» Exercise description:
With the line containing "Metallic Multicolor Palette" as the final line, restate exactly every line of the data below from the first one onward, and copy no pictures.

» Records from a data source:
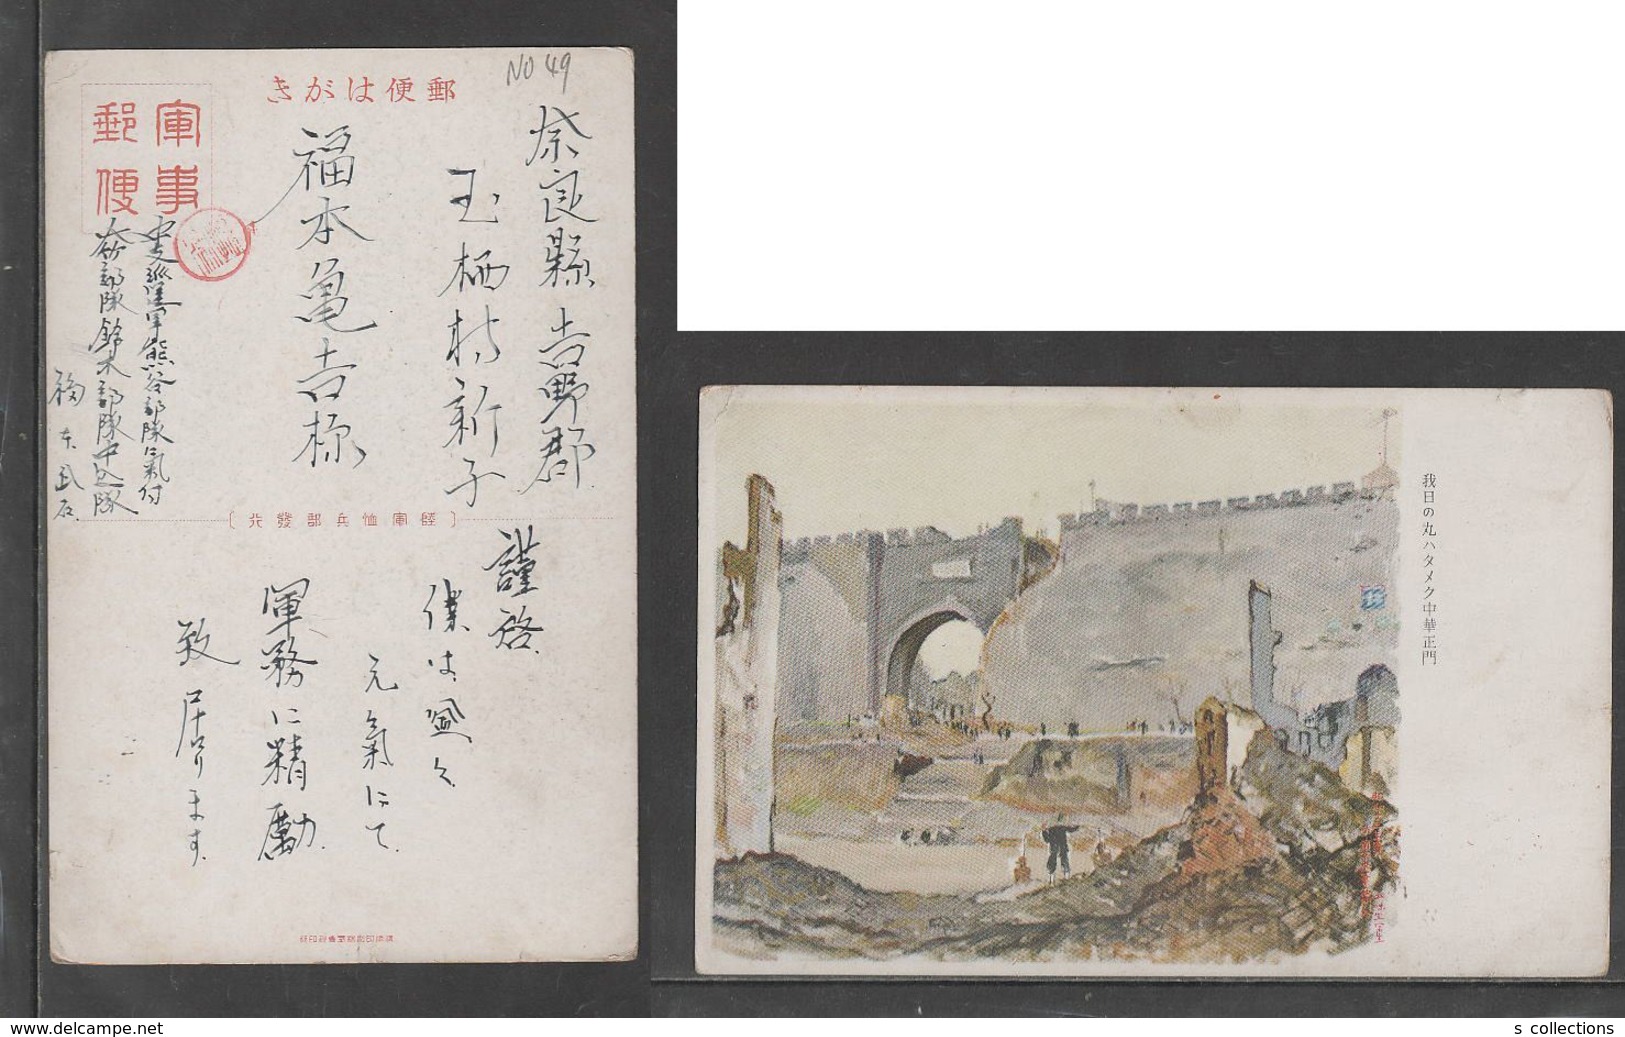 JAPAN WWII Military Nanjing China Gate Picture Postcard CENTRAL CHINA WW2 MANCHURIA CHINE MANDCHOUKOUO JAPON GIAPPONE - 1943-45 Shanghái & Nankín
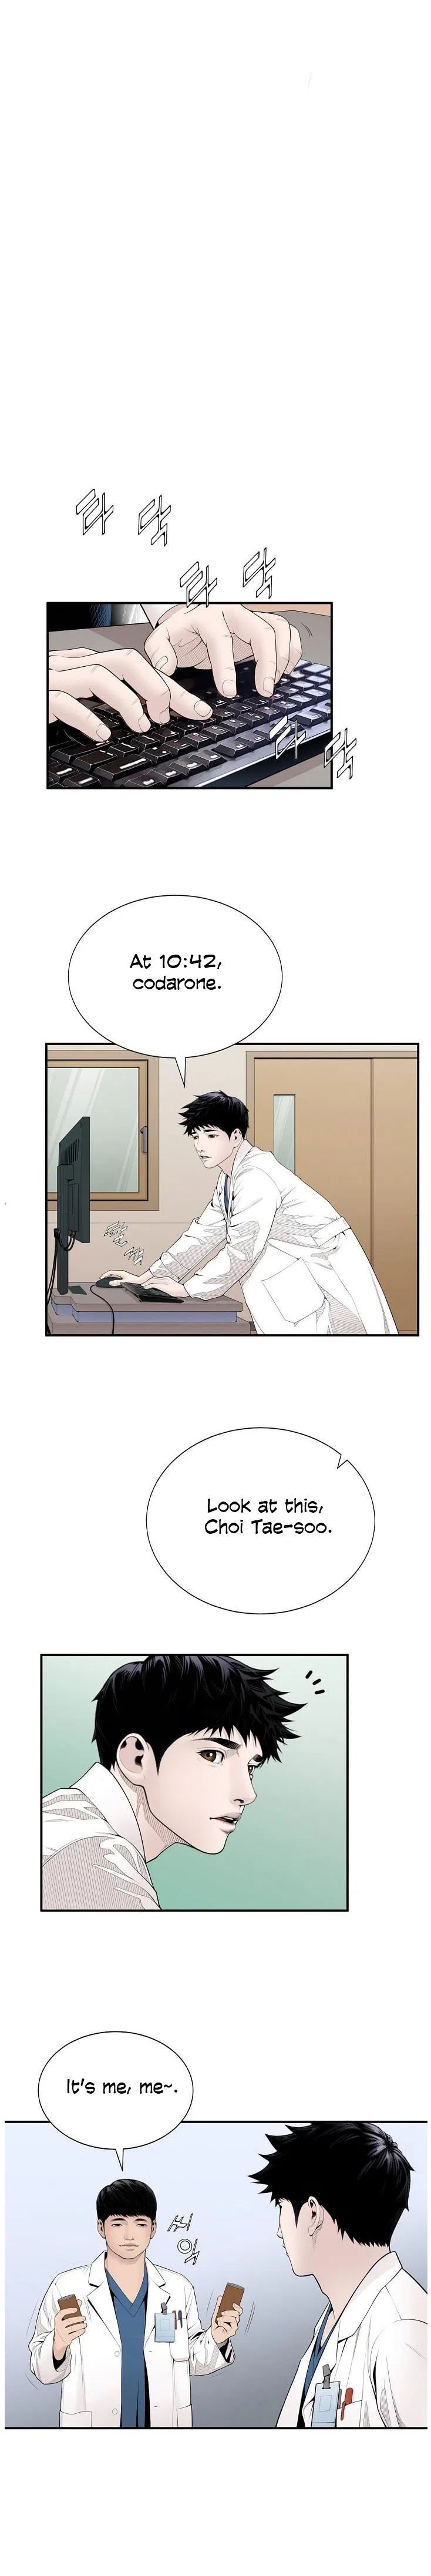 Dr. Choi Tae-Soo Chapter 11 page 4
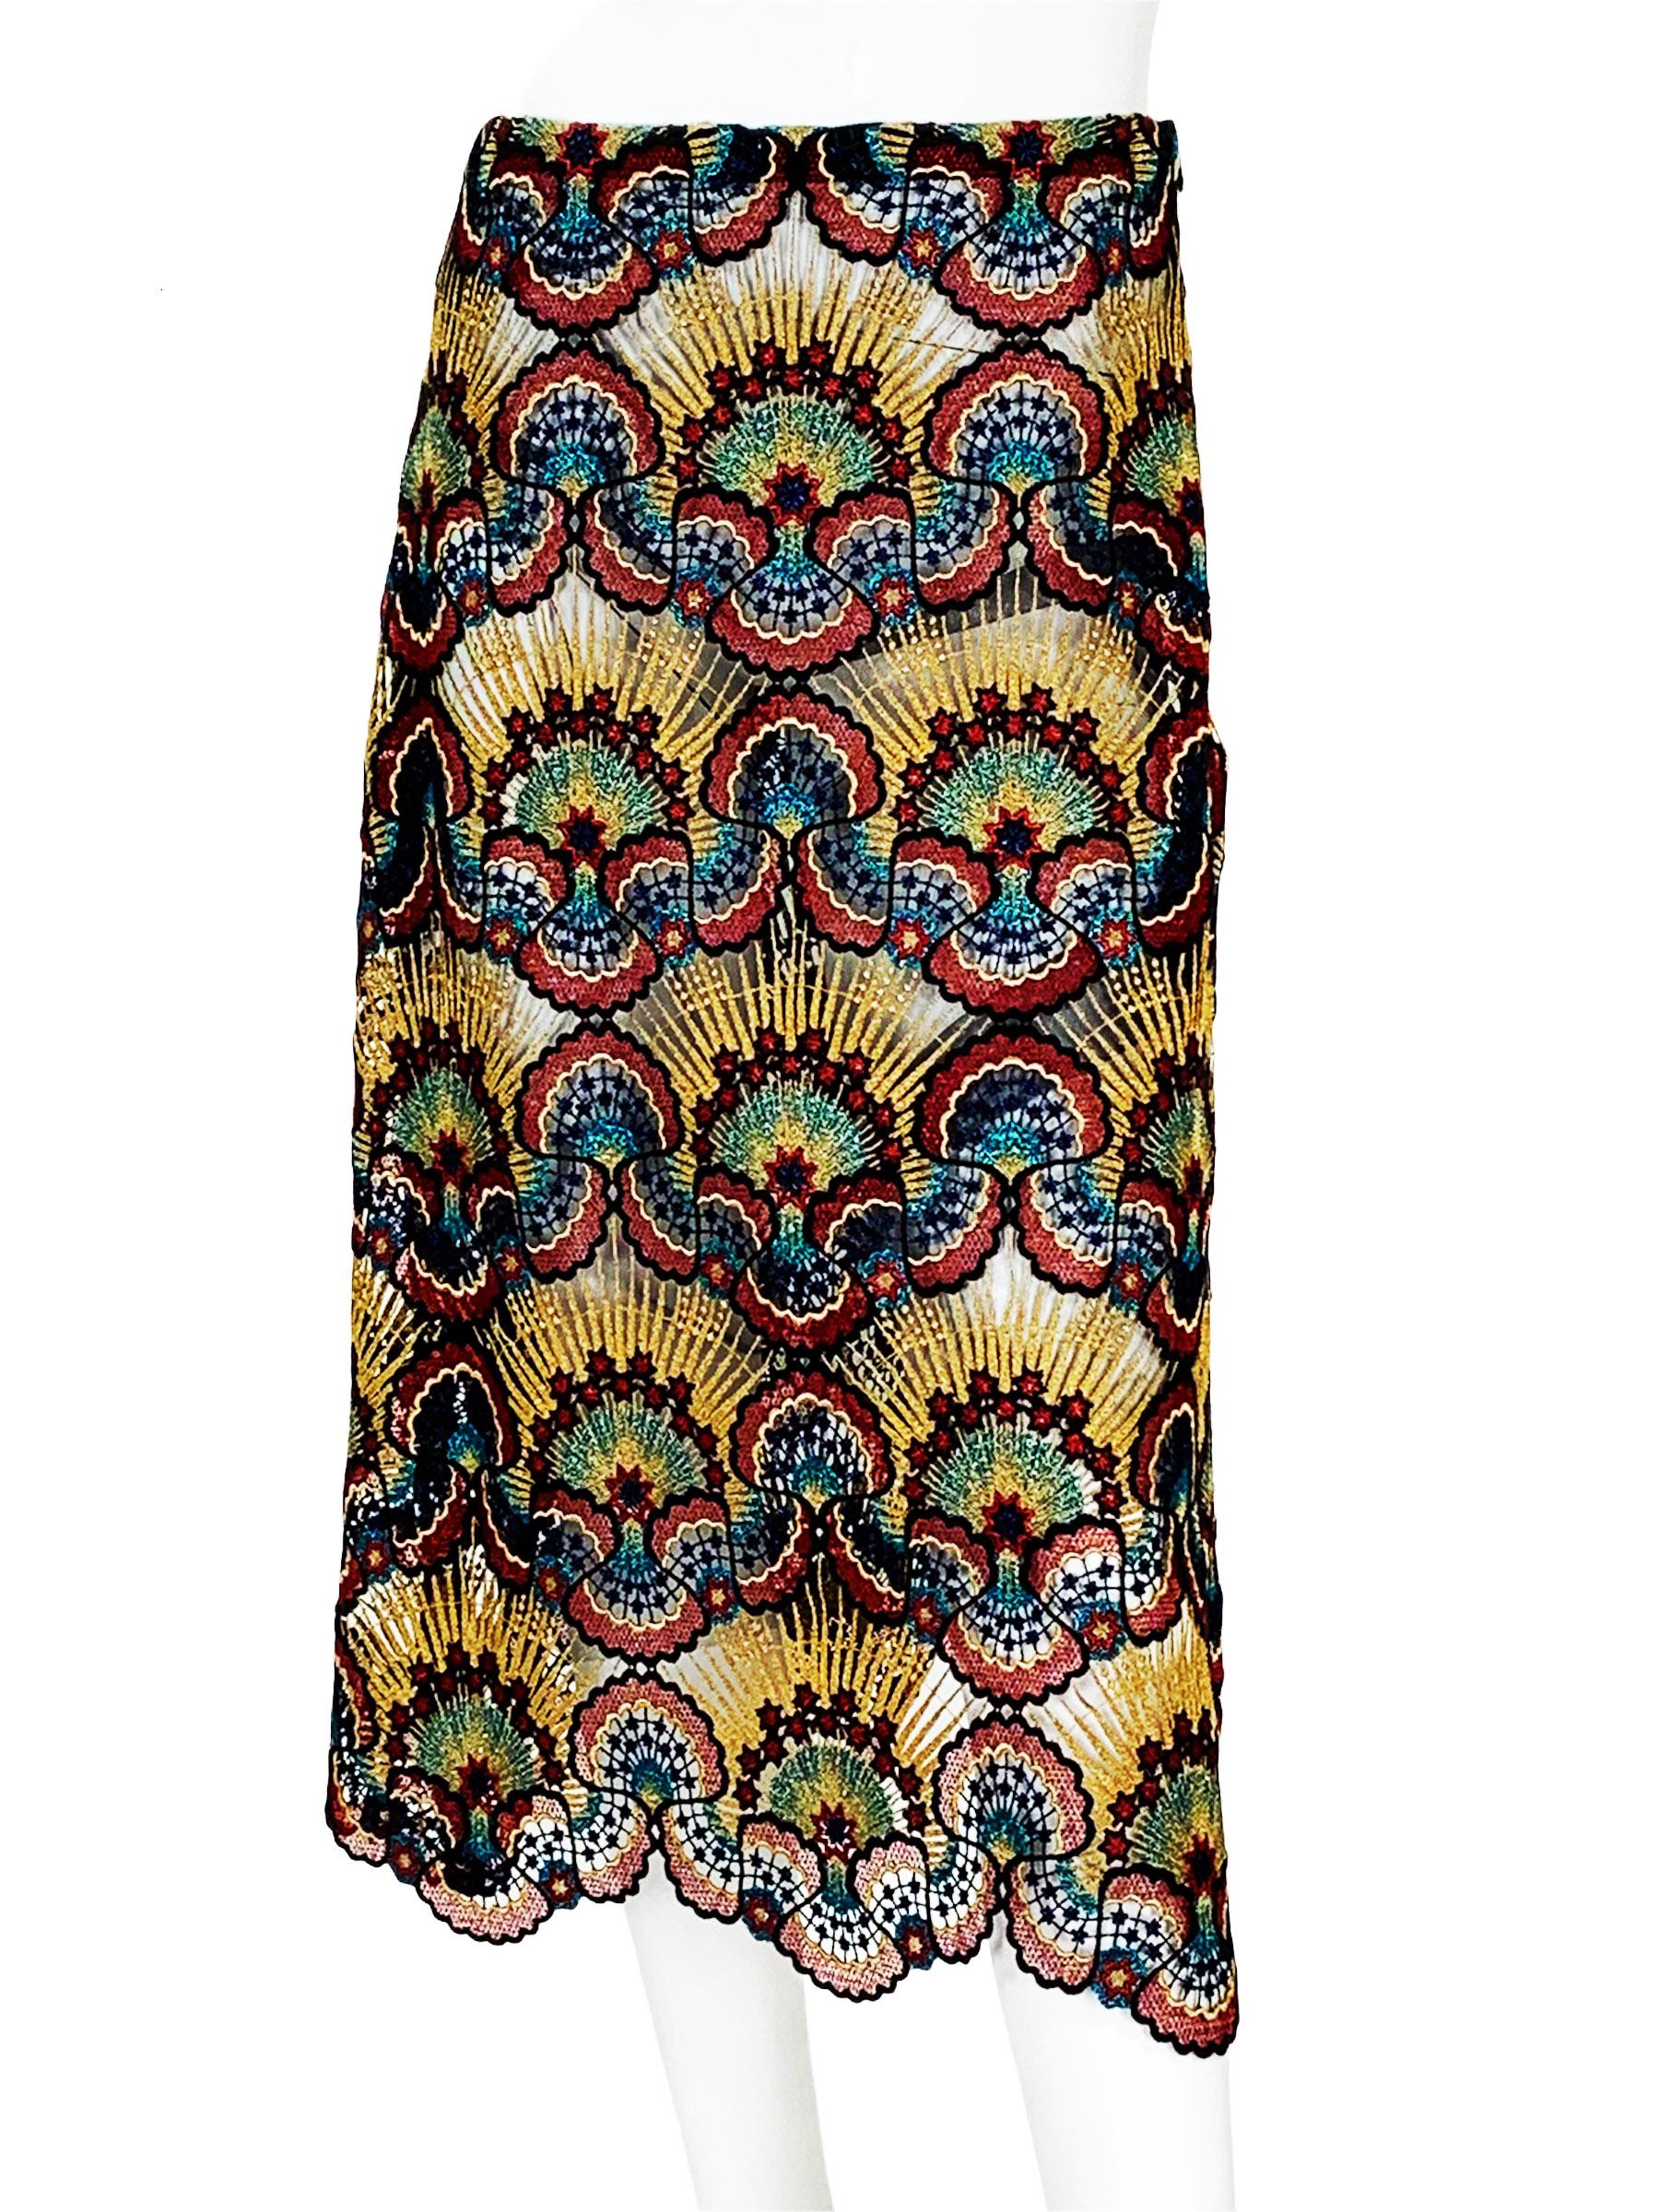 New Valentino Metallic Sheer Lace Skirt
Pre-Fall 2016 Collection
Italian size - 42
Metallic Multicolor Palette - Gold, Burgundy, Navy, Blue.
A-Line Style, Sheer Lace, Black Thin Tulle Lining, Side Zip Closure.
Measurements: Waist - 30 inches, Length

» Exercise result:
 JAPAN WWII Military Nanjing China Gate Picture Postcard CENTRAL CHINA WW2 MANCHURIA CHINE MANDCHOUKOUO JAPON GIAPPONE - 1943-45 Shanghái & Nankín
 Dr. Choi Tae-Soo Chapter 11 page 4
 New Valentino Metallic Sheer Lace Skirt
Pre-Fall 2016 Collection
Italian size - 42
Metallic Multicolor Palette - Gold, Burgundy, Navy, Blue.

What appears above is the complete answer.